C'est que Guillaume est aussi un homme curieux et cultivé qui, avant Aliénor, sut accueillir dans sa cour de Poitiers les artistes de son temps, ainsi le chevalier et barde gallois Blédri ap Davidor qui réintroduisit en Gaule l'histoire de Tristan et Iseut. Et puis c'est surtout l'un des premiers troubadours, écrivant en langue d'oc, et non pas en latin, des chansons d'amour, parfois très crues (par exemple dans la chanson convenable, il demande à ses compagnons quel cheval il doit monter, d'Agnès ou d'Arsens). On fera plus subtil par la suite...

En Espagne, à la bataille de Cutanda, il aurait combattu avec la corps de sa maîtresse peint sur son bouclier.

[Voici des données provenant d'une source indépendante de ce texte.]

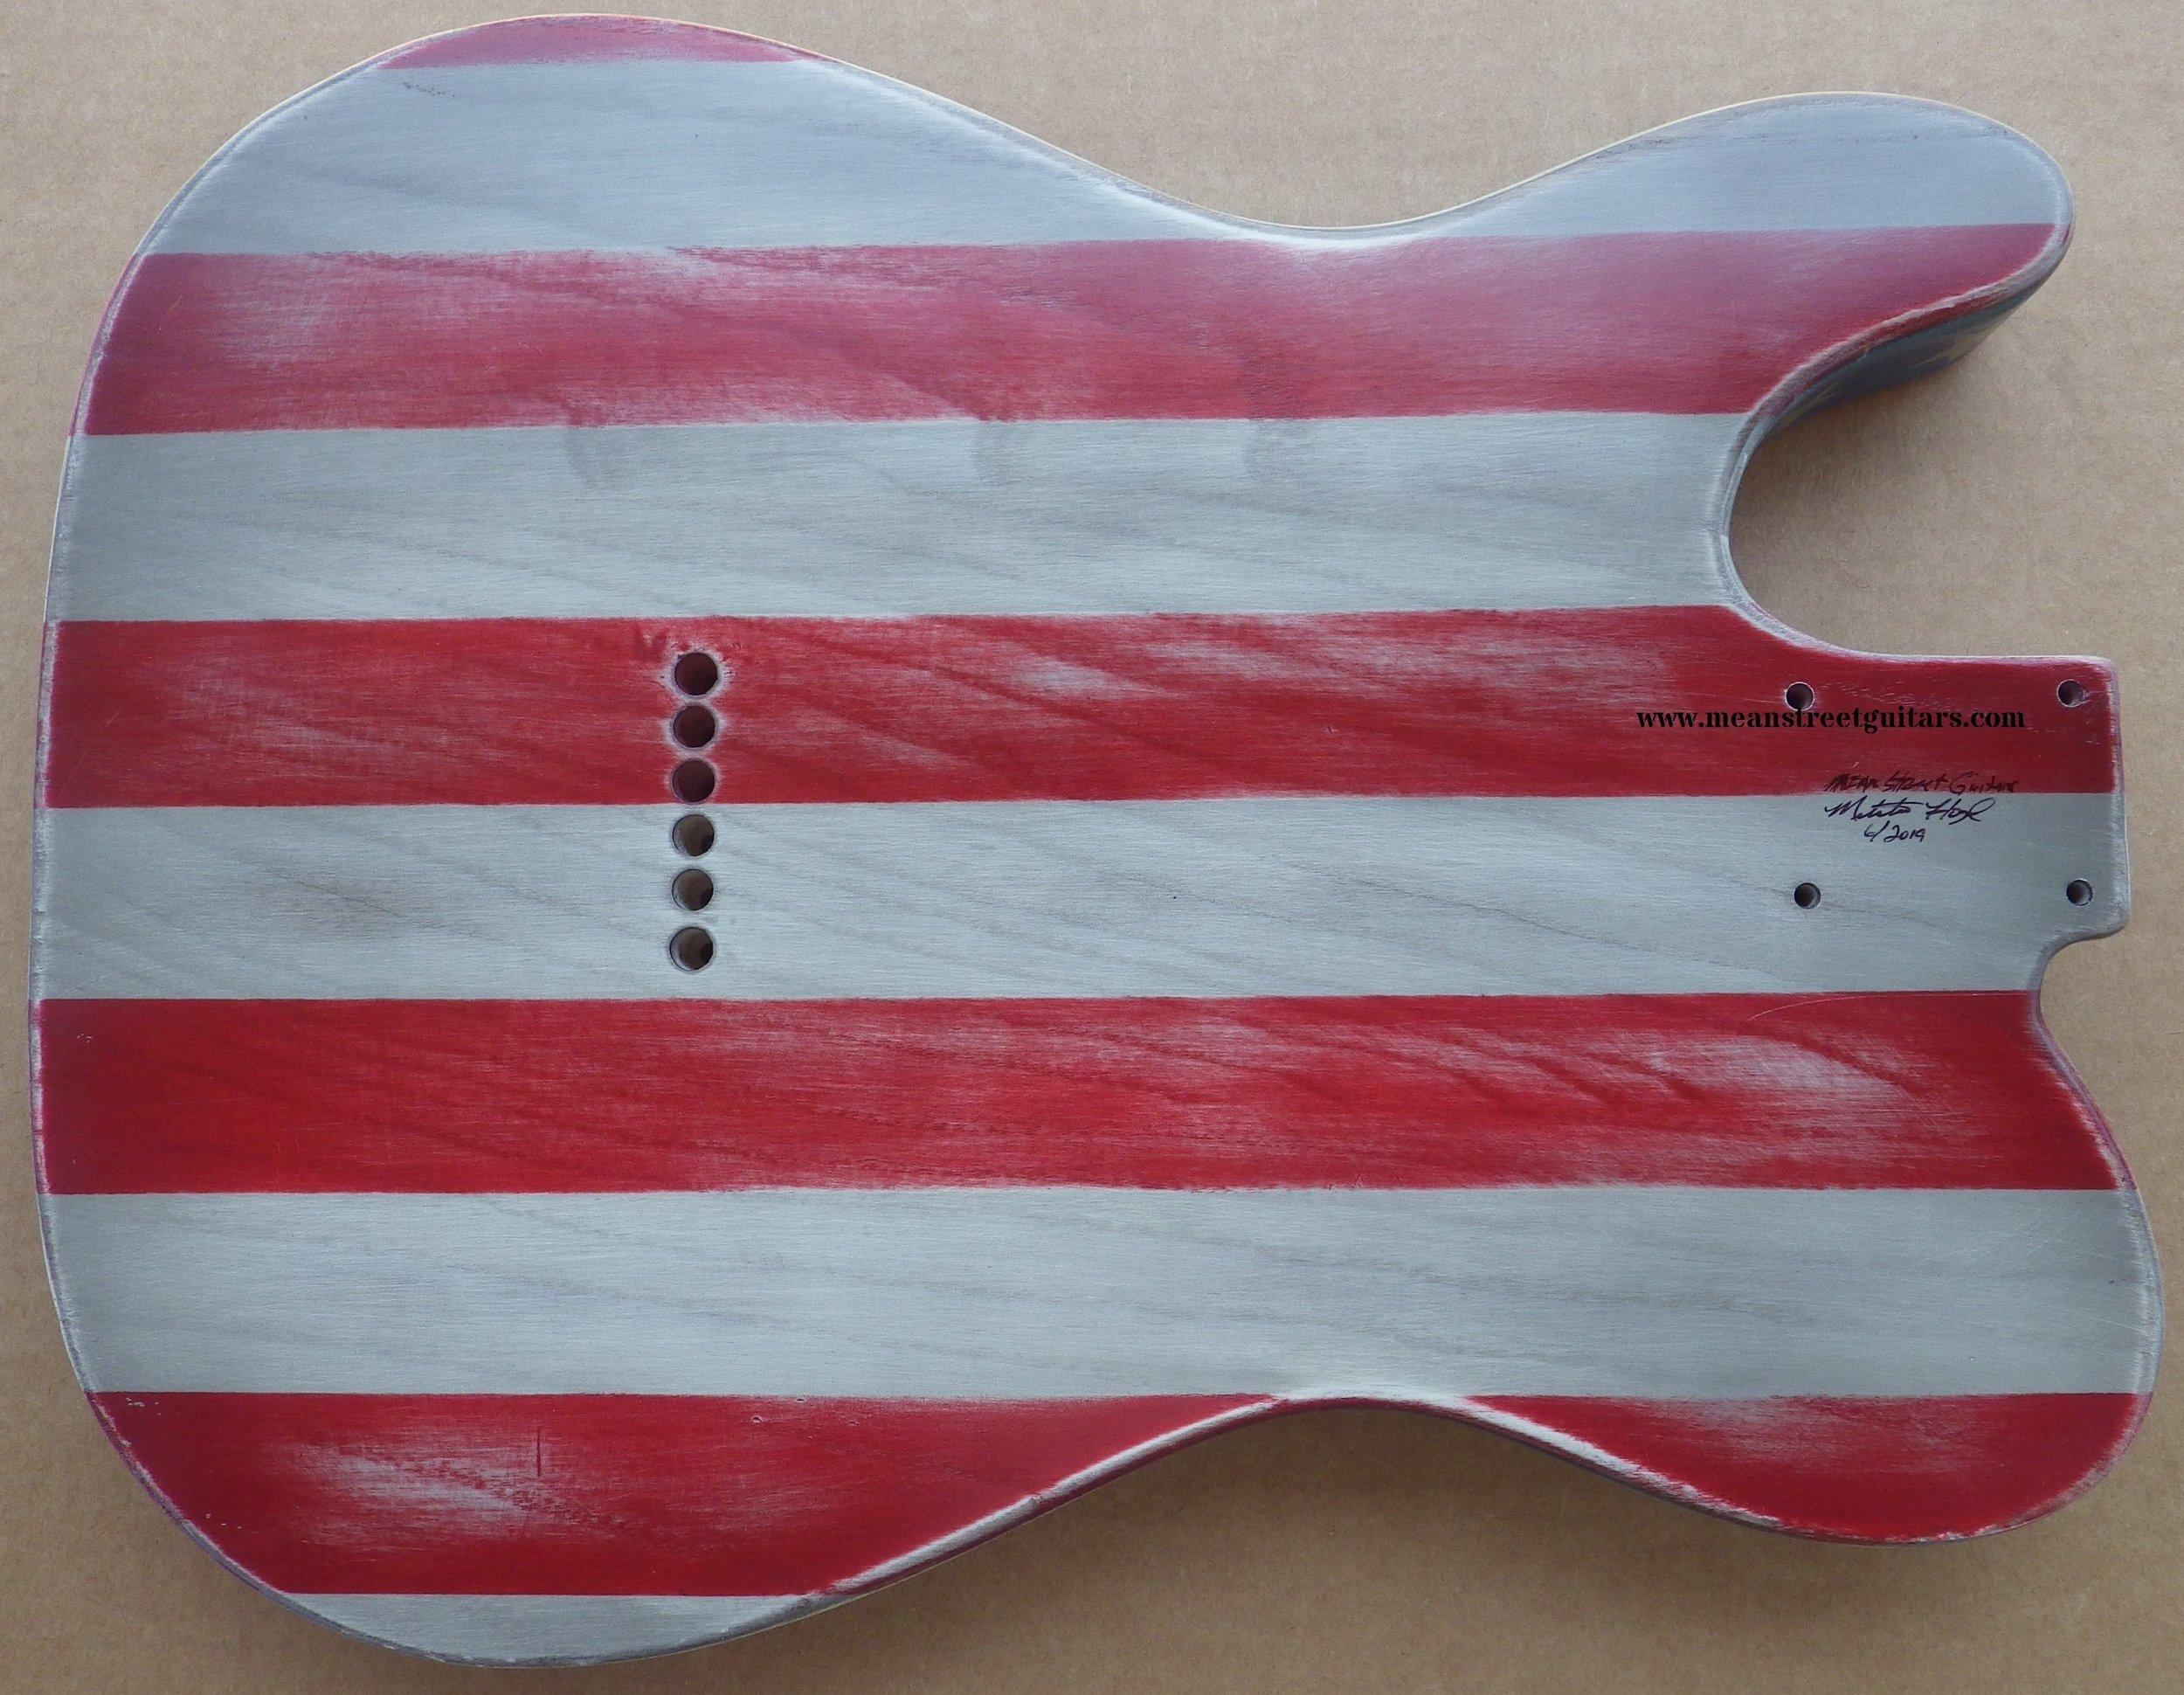 Mean Street American Flag Tele relic paint job Shawne P pic 8a.jpg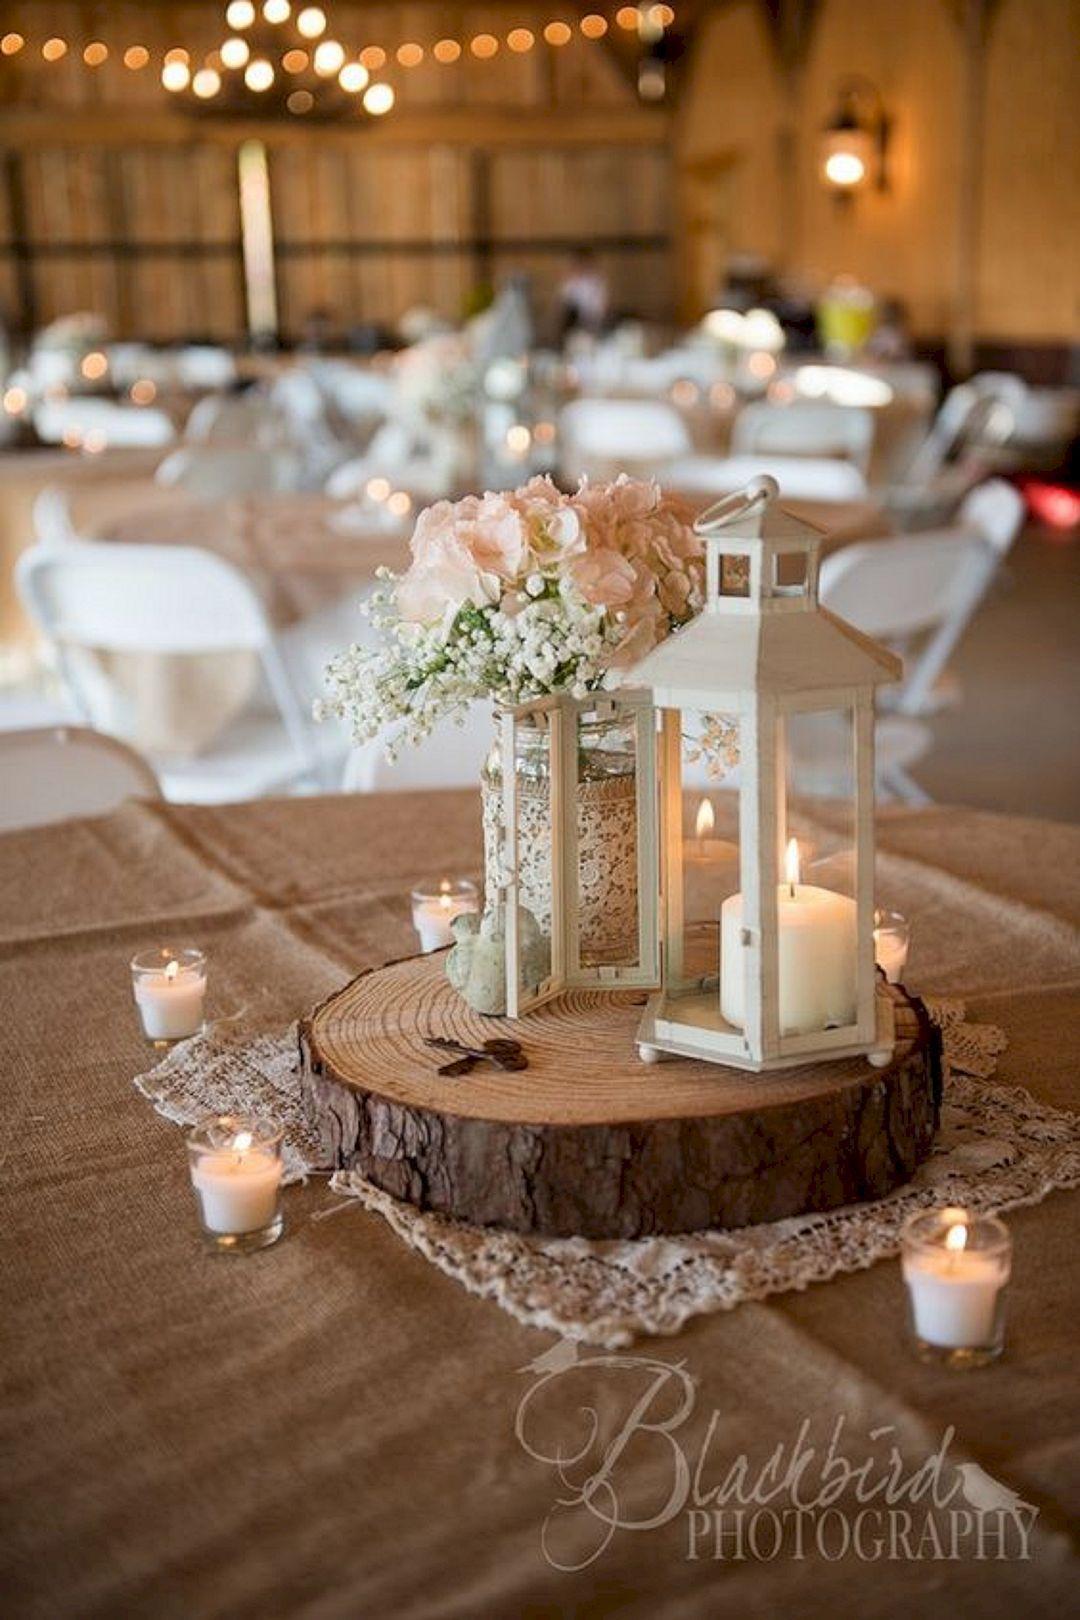 156 Diy Creative Rustic Chic Wedding Centerpieces Ideas Lantern

Ce rustre fougueux est aussi capable de vers charmants :
Ab la doussor del temps novel
folhon li bosc e li auzel
chanton chascus en lor lati
segon lo vers del novel chan :
adonc esta ben qu'om s'aizi
d'aisso dont om a plus talan.


Par la douceur du temps nouveau
feuillent les bois et les oiseaux
chantent chacun dans son latin
sur le rythme d'un chant nouveau
donc il convient que l'on s'accommode (se réjouisse)
de ce qu'on désire le plus !

00:55 Publié dans Bélier | Lien permanent | Commentaires (3)

Commentaires

J'ai très bien connu Pierre Veilletet, et aussi Belin-Béliet... Clin d'oeil en passant, sur ce site délicieux découvert grâce à OrnithOrynque !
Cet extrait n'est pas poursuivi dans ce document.